Ее избу колхоз перевез в новый поселок, хлев и сарай снесли, забор разобрали на дрова, колодец завалили, сирень и сад вырубили и посеяли на этом месте ячмень. При взгляде на желтые, волнующиеся колосья даже ей становилось странно, что когда-то здесь жили ее родные, что они страдали и радовались, рожали и умирали… И все то, без чего раньше жизнь была немыслима, сегодня заросло тучным ячменем, ощетинившимся остистыми колосьями.
Однажды, блуждая по лесу, она встретила Стасиса. Он был в форменной фуражке лесника и сажал маленькие сосенки. Бируте было интересно смотреть, как Стасис доставал из торфа хрупкие саженцы, как засовывал их в ямки и даже краснел, обеими руками зажимая землей их корни.

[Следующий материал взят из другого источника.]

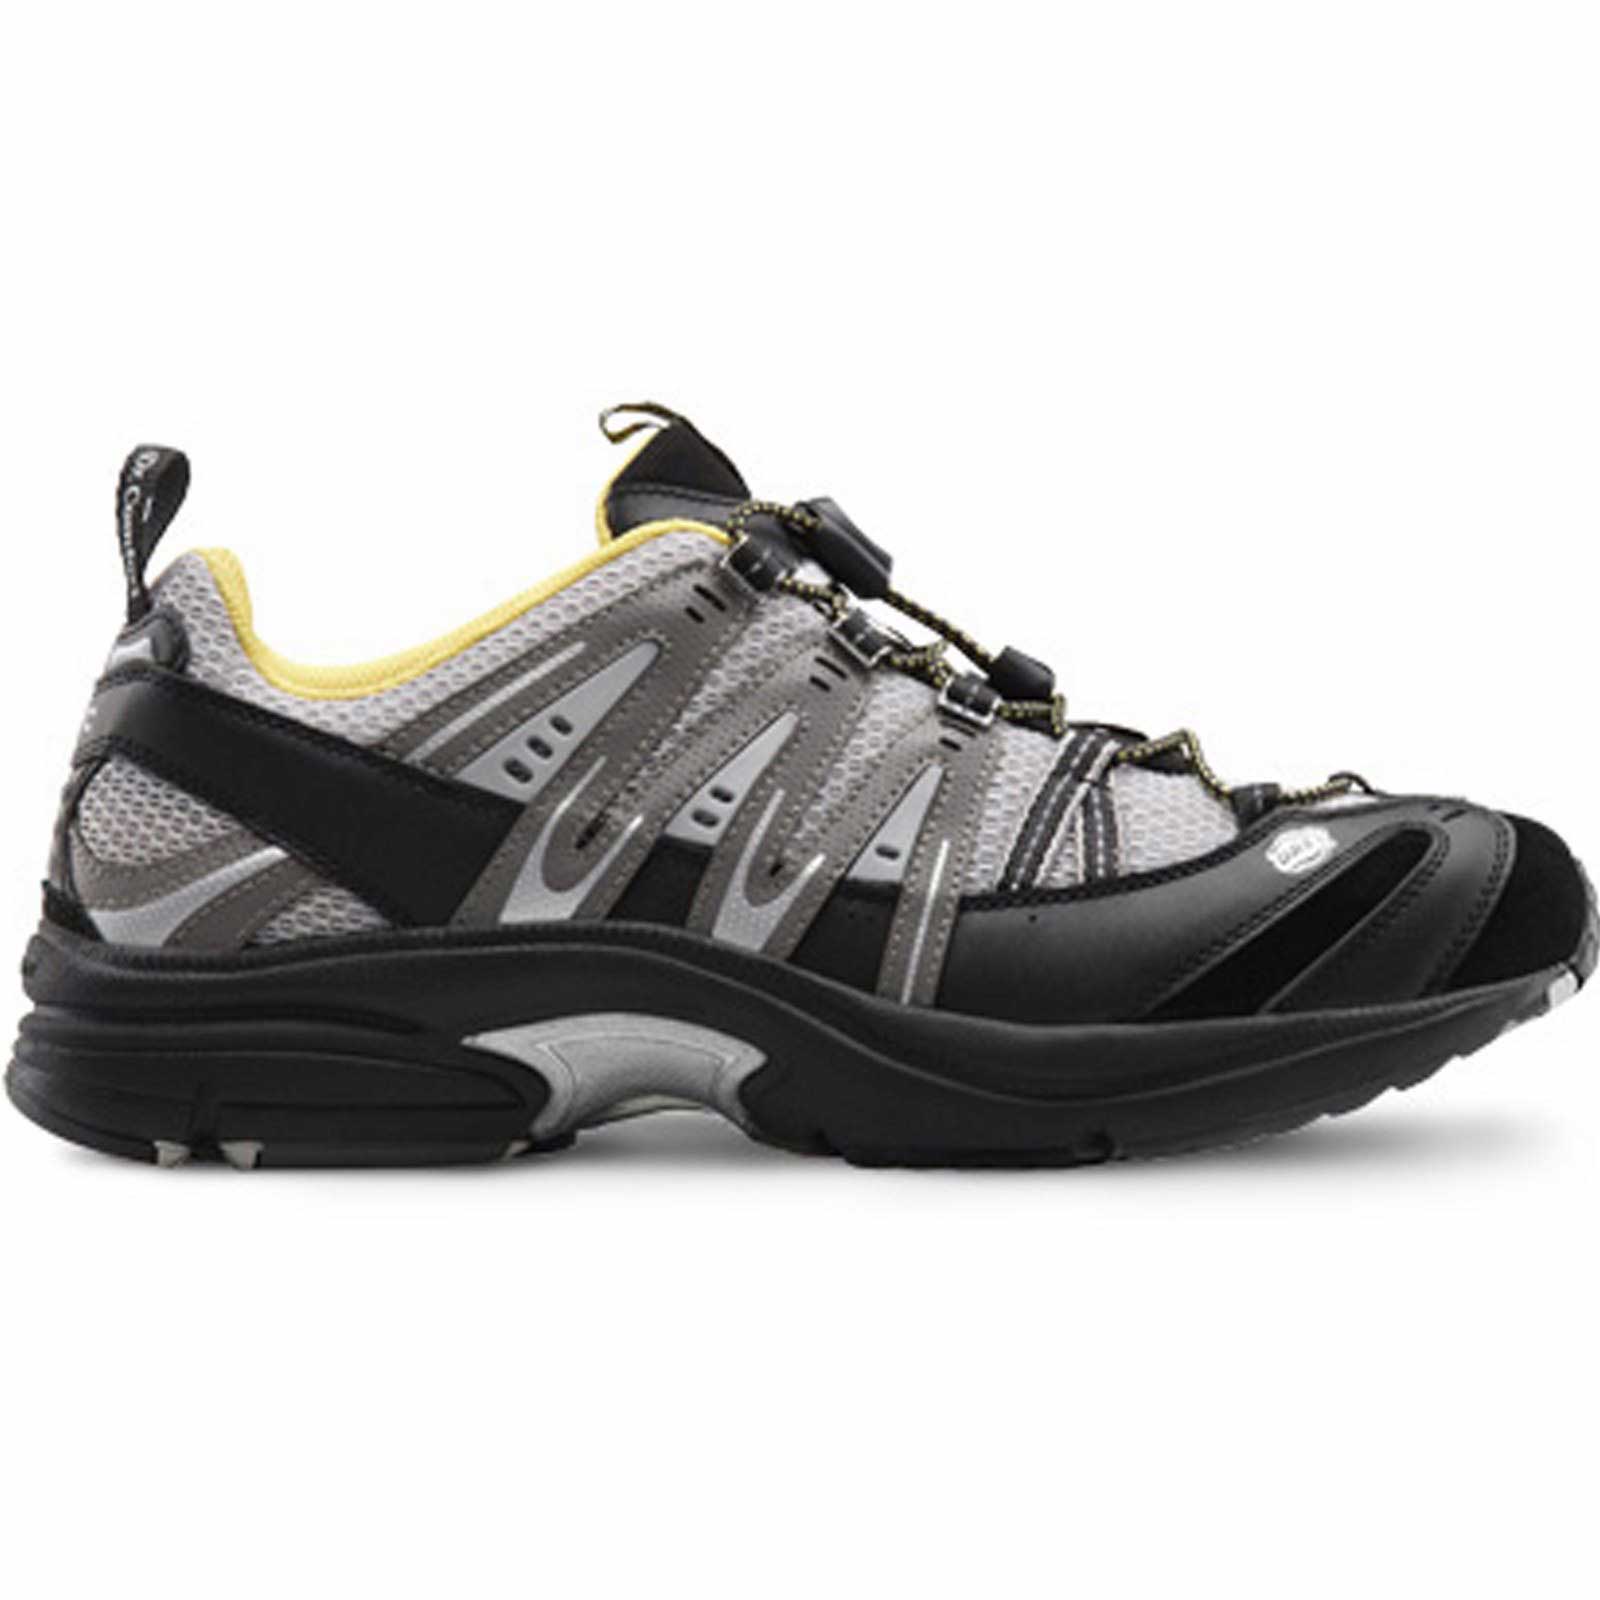 Dr. Comfort Performance Men's Athletic Shoe: 10.5 Wide (E/2E) Metallic/Red Elastic & Standard Laces - image 5 of 5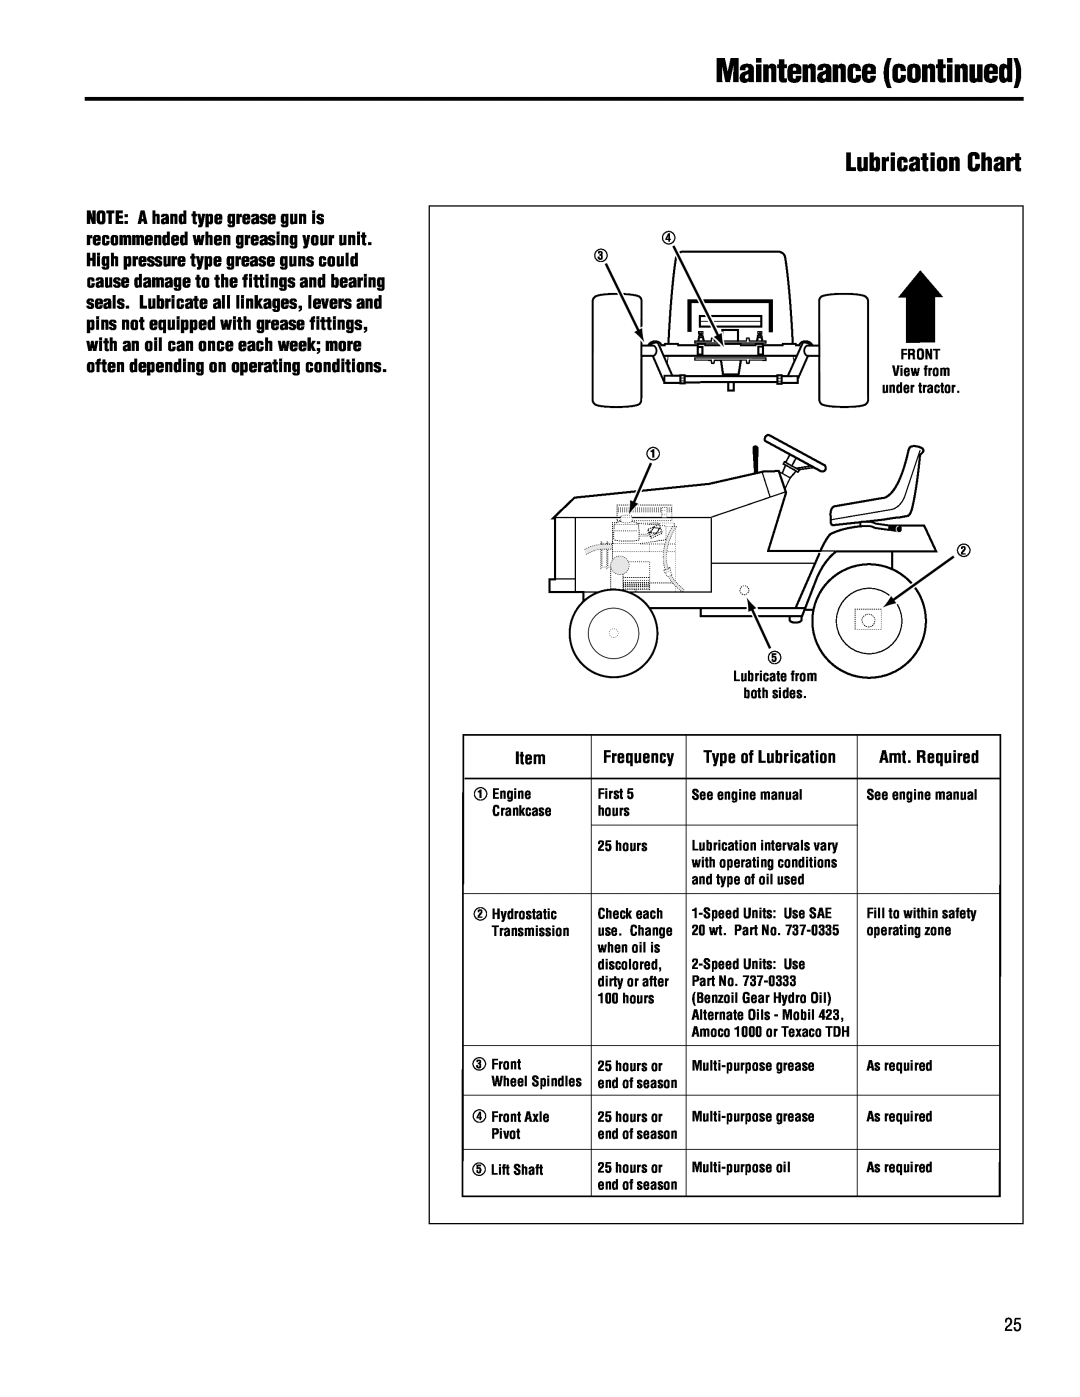 Troy-Bilt 13101 - GTX 16, 13101-GTX 16, 13074-GTX 18 manual Lubrication Chart, Amt. Required, Maintenance continued

— Здравствуй, — сказала она.
— Здравствуй, — улыбнулся он. — В отчий дом?
— Которого уже нет.
— Ты можешь остановиться у нас.
— Я подумаю.
— Мы будем ждать.
Ей некуда было деваться до утра, поэтому она пришла. Стасис принял ее как самую дорогую гостью: не знал куда усадить, чем угостить, и его мать хлопотала вокруг нее, как вокруг самой богатой родственницы, а потом куда-то ушла и уже не вернулась. Стасис все время говорил ей про лес, он обожествлял лес и говорил о нем как поэт. Когда они оба устали, он спросил:
— Почему ты не отвечаешь на мои письма?
— Потому, что я их не читаю.
— Как хочешь, но я все равно буду писать.
— Пиши.
А утром, катаясь на лодке, они перевернулись. Причесываясь, Бируте выронила расческу. Оба бросились к краю лодки, стараясь схватить ее, и оказались в воде. Бируте неторопливо подплыла к камышовому островку и легла на него, попыталась раздеться. Построенный птицами островок погрузился в воду, но ее выдержал. Стасис перевернул лодку и, уцепившись за борт, выплескал воду, потом залез в нее и ладонями вычерпал оставшуюся воду. Когда он подъехал и забрал Бируте с плавающего островка, ее тело уже было облеплено пиявками. Бируте перепугалась и стала кричать, но Стасис успокоил ее, объяснил, что пиявки целебны. Стиснув зубы, она терпела, пока он не довез ее до берега и не спеша собрал с ног, с рук, с живота и с груди всех пиявок.